Был бы он твоим, добудь ты его из борти, або купив на торге. А сей приобретен на дирхемы азиатской чеканки, выделенные внешнему сыску Секретной службы Высшим Советом старейшин. Не по чину берешь, бесстыдно примазываясь к высшим!

А спятил за столом сим не я. Как мог ты в здравом рассудке возмечтать, что пожалую сюда, где мне готовят засаду, лишь один?

Радуйся, что не привел четверых, дабы было поровну!

Что до вашей скрытной избы, о ней давно уж ведает все городище. Ведь нет столь высокого частокола и на тыщу шагов окрест. Любой сообразит сие! Никому не по силам утаиться от бдящей общественности, и ты не мылься! Не «лепи» мне, а то обхохочусь, что страж мой узнал великую тайну, за кою не простят ему, и овдовеет его жена, рыдая!

Нет боле сей тайны! Не уберег ты ее на радость Киеву! Позор тебе и зазрение! И по секретной справедливости, подлежишь суровому спросу от начальствующих, вплоть до исключения из рядов и вдовства твоей собственной жены. Твоей, а не моего соратника!

Однако, в знак нашей давней дружбы и особливой приязни к тебе, воздержусь пока уведомлять о том скрытный сыск, а уж он-то подлинно всемогущ! Ведь старейшины чтят его куда пуще твоего внешнего…

– Врешь ты, все врешь! Не причастен я! И выдумки твои лживы! – вспылил носитель особливой приязни Молчана, отчасти и струхнув, памятуя, что сей визитер, нагло выдающий себя за давнего его друга, отнюдь не робкого десятка и не объедешь его на драной козе.

– Раз твоя правда превыше моей кривды, каюсь! Торжествуй! – ощерился откровенно бесстыжей ухмылкой дорогой гость, он же непобедимый сызмальства спорщик. – Удостоверяю, что сам ты и собрал мед, применив древесные шипы и медорезки – есть, запомни, таковые приспособления у бортников, а вслед настоял его до хмельной крепости.

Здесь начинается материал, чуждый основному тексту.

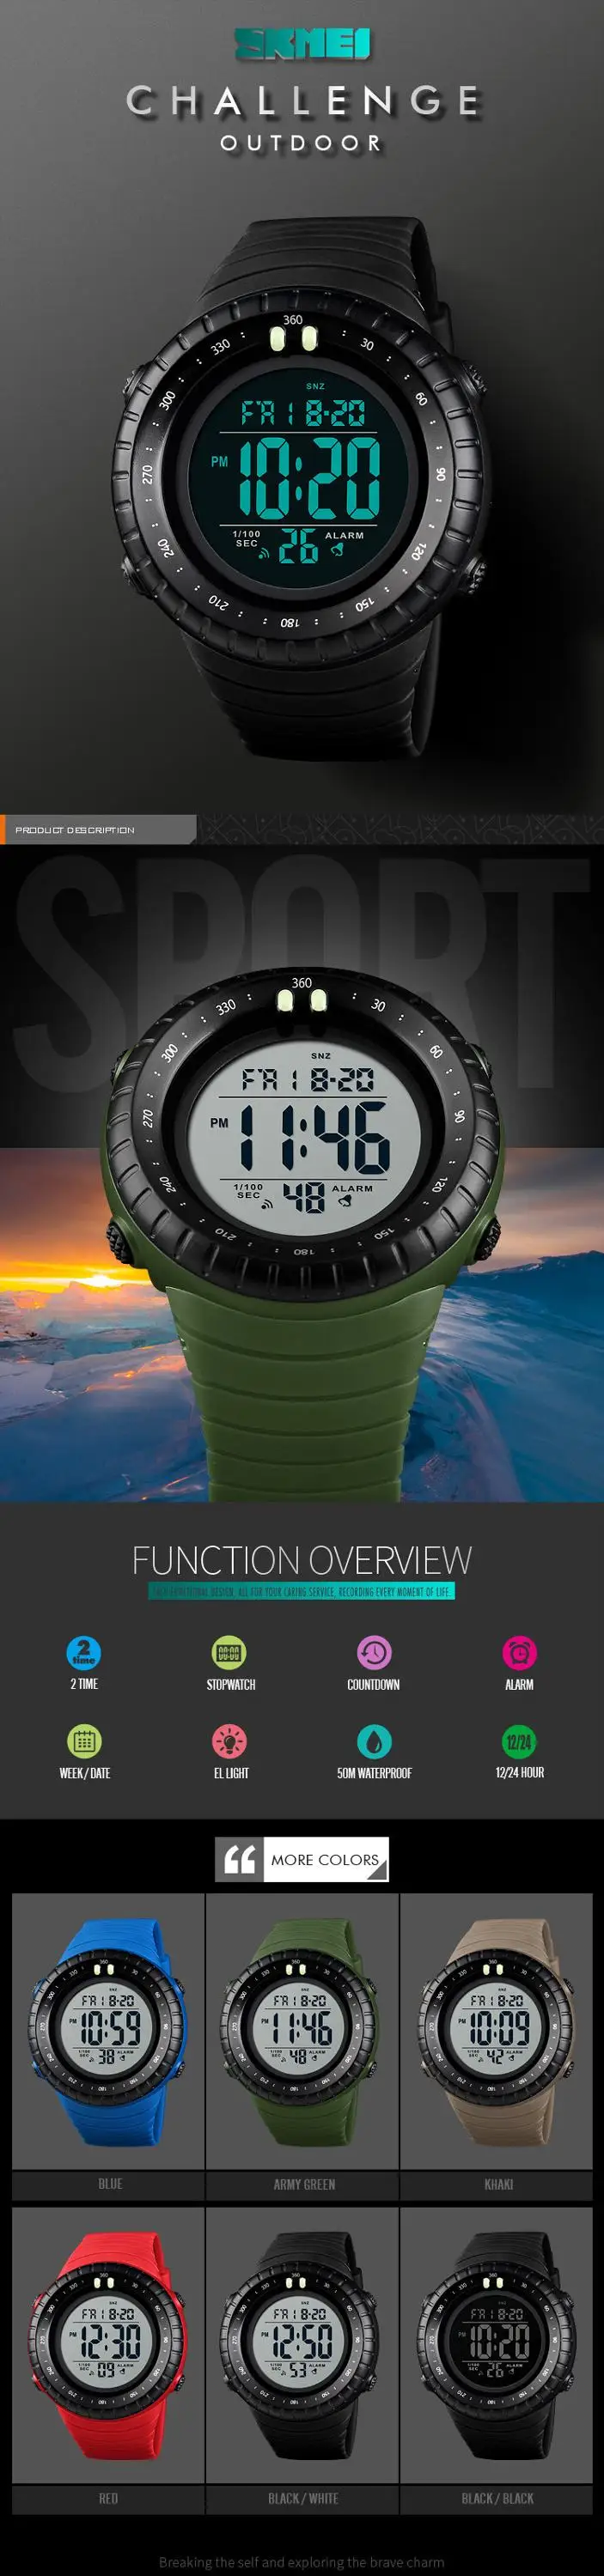 SKMEI 1420 Men's Led Digital Military Watches Outdoor Sports Waterproof Watch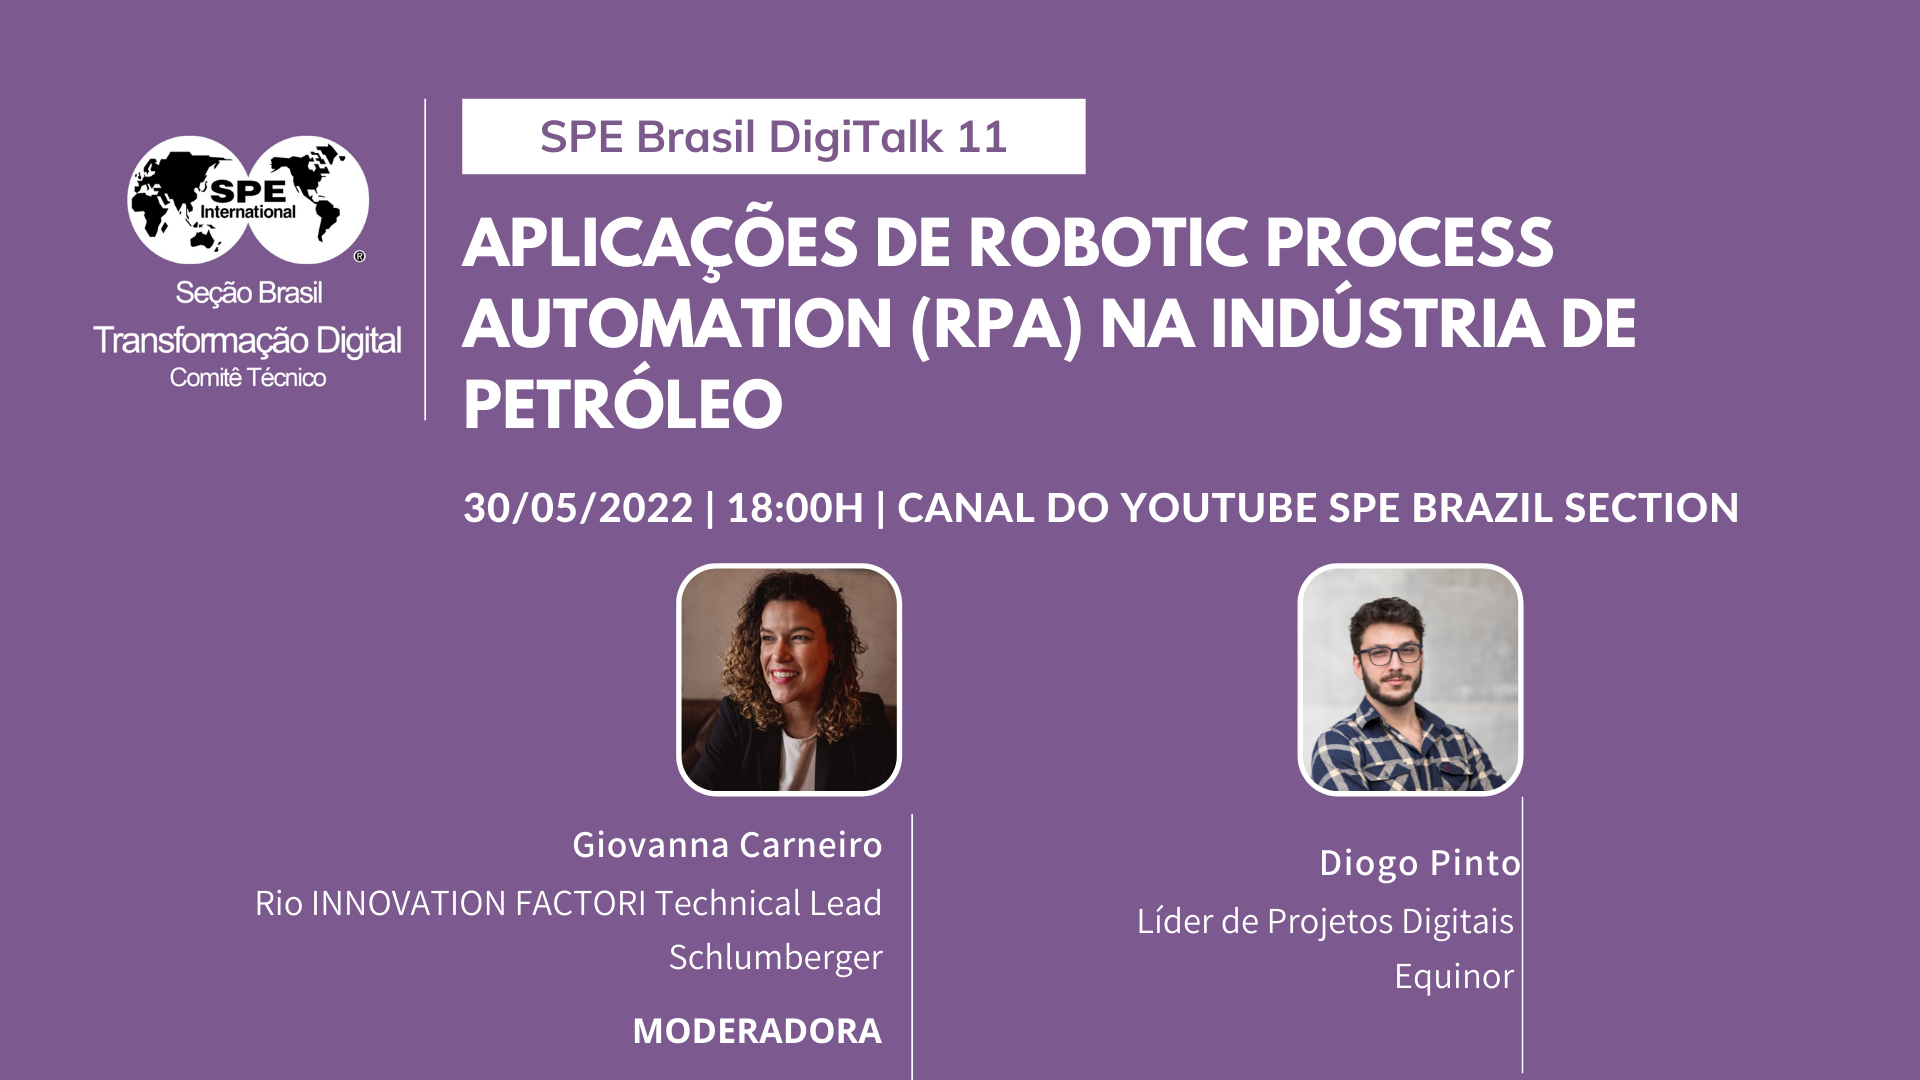 SPE Brasil DigiTalk 11: “Aplicações de Robotic Process Automation (RPA) na Indústria de Petróleo”.

И даже не стану отрицать, что до нонешнего дня данная изба была главным хранилищем секретов во всей Земле вятичей. А я преступно пришел – по твоей, заметь, просьбе, да и в сопровождении твоего ж подчиненного, и все порушил! Токмо бревнышки и остались…

О, горе мне! В железа закуют и в узилище бросят!

А тебя повысят в чине! И наградят тайным мешком гороха, ведь заслужил ты!

Любезный хозяин привстал, явно готовясь высказать накипевшее и взбурлившее, да тут зашел мохнатый Латыня, неся в руце бочонок средней емкости – без крышки, зато с волнительным духом служебного меда, а выставив его на стол, направился к поставцу с полками для деревянной и глиняной посуды.

За ним возник проштрафившийся Искр, доставляя на подносе две переваливавшиеся за габариты бараньи ляжки, с коих покапывал жирок.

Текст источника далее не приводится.